• **Work instruction**:
Return the lines of the data below, from the one containing "LOCTITE Power Grab" through the very last, exactly and with both ends included; no pictures.

• **Information shown**:
____________________
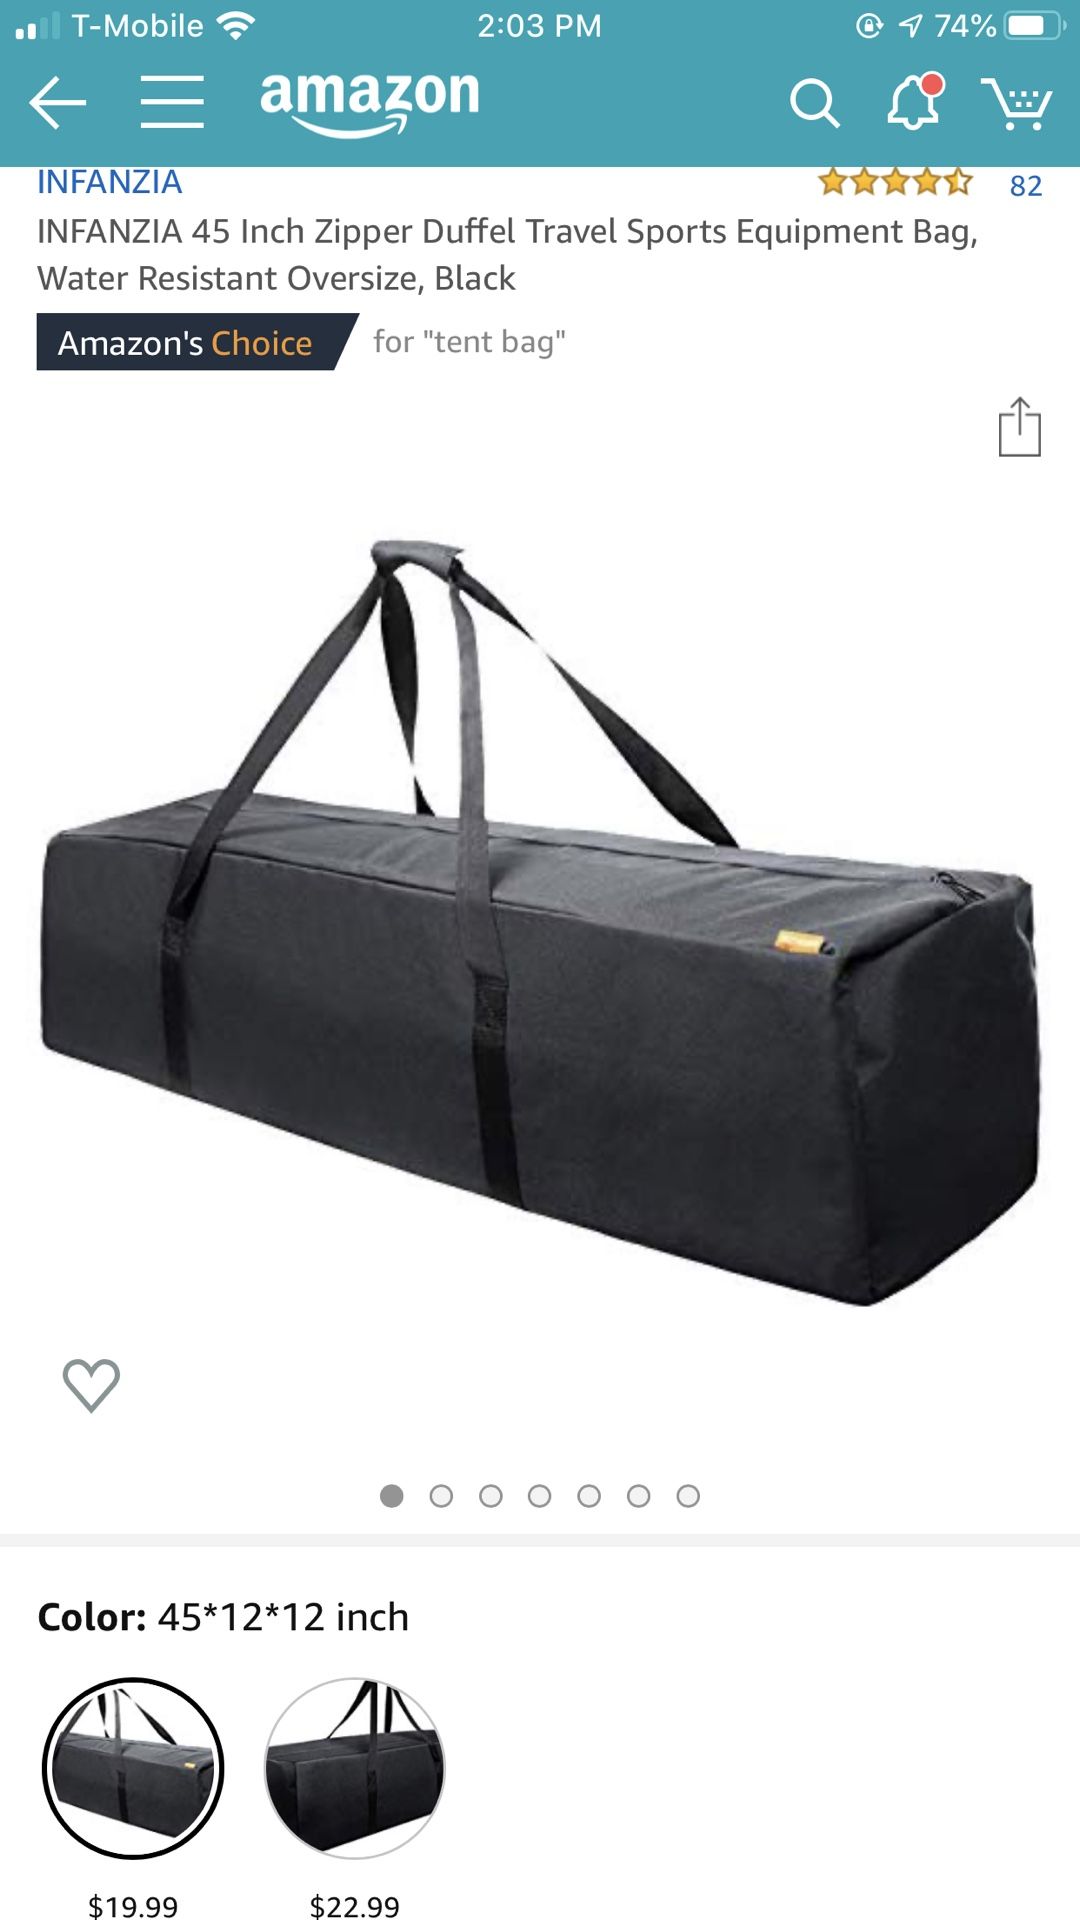 Brand new 45 inch zipper duffle travel sports equipment bag
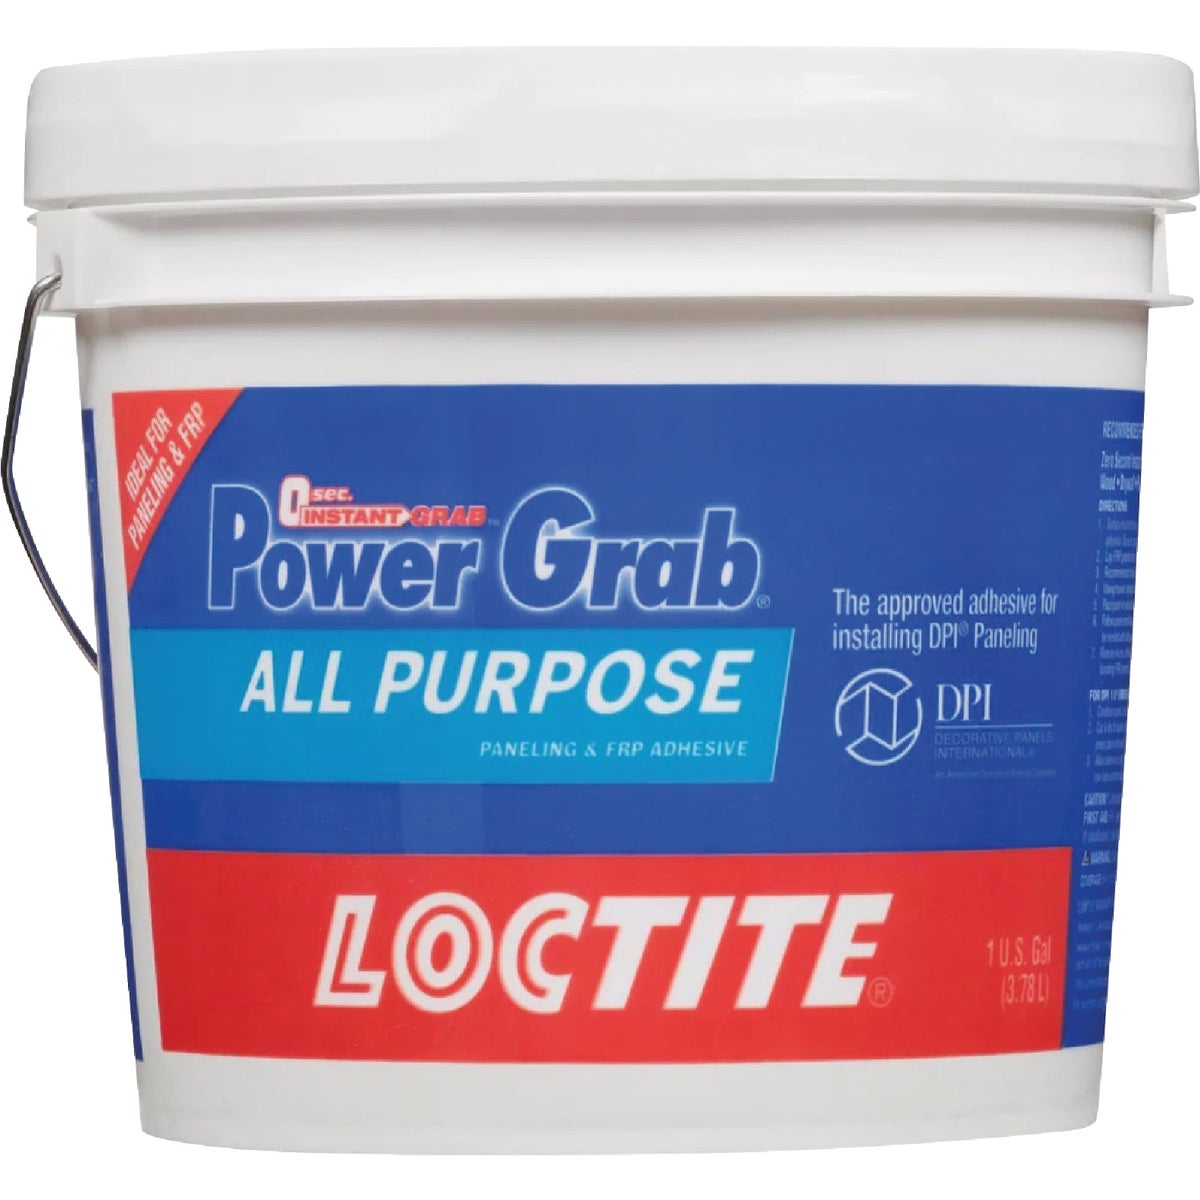 LOCTITE Power Grab 1 Gal. All-Purpose Paneling & FRP Adhesive
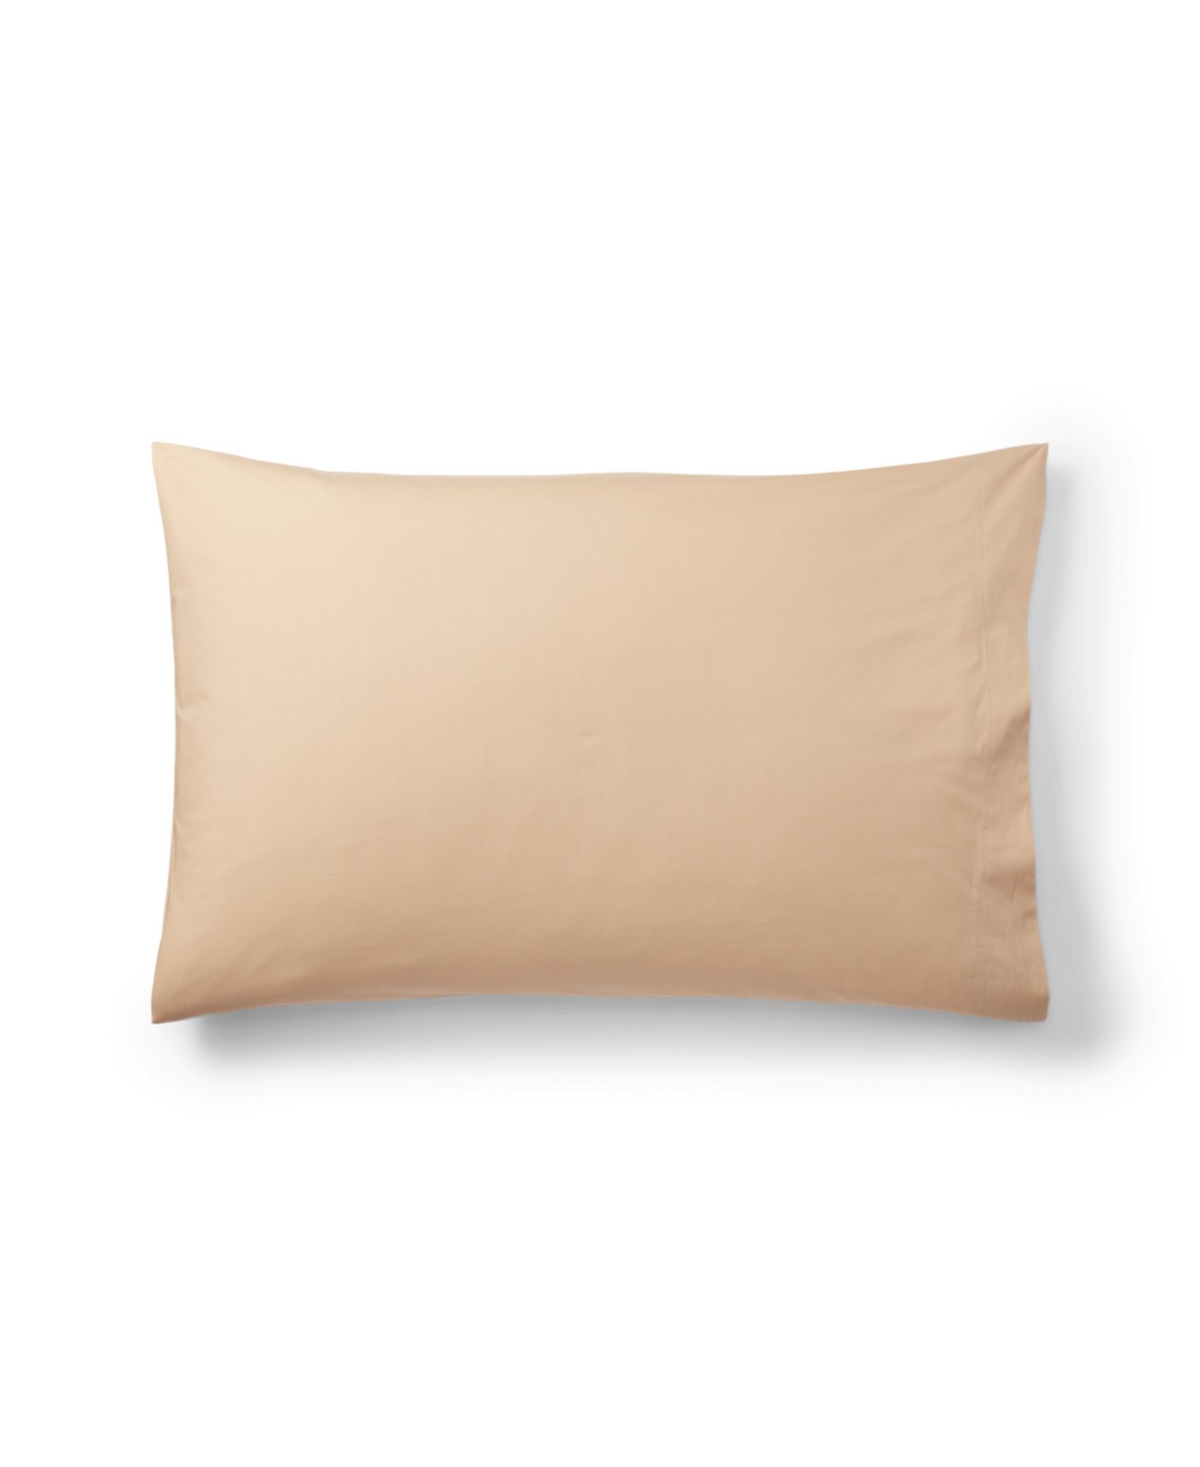 Lauren Ralph Lauren Sloane Anti-microbial Pillowcase Pair, King In Hemp
____________________
• **Exercise result**:
 LOCTITE Power Grab 1 Gal. All-Purpose Paneling & FRP Adhesive
 Lauren Ralph Lauren Sloane Anti-microbial Pillowcase Pair, King In Hemp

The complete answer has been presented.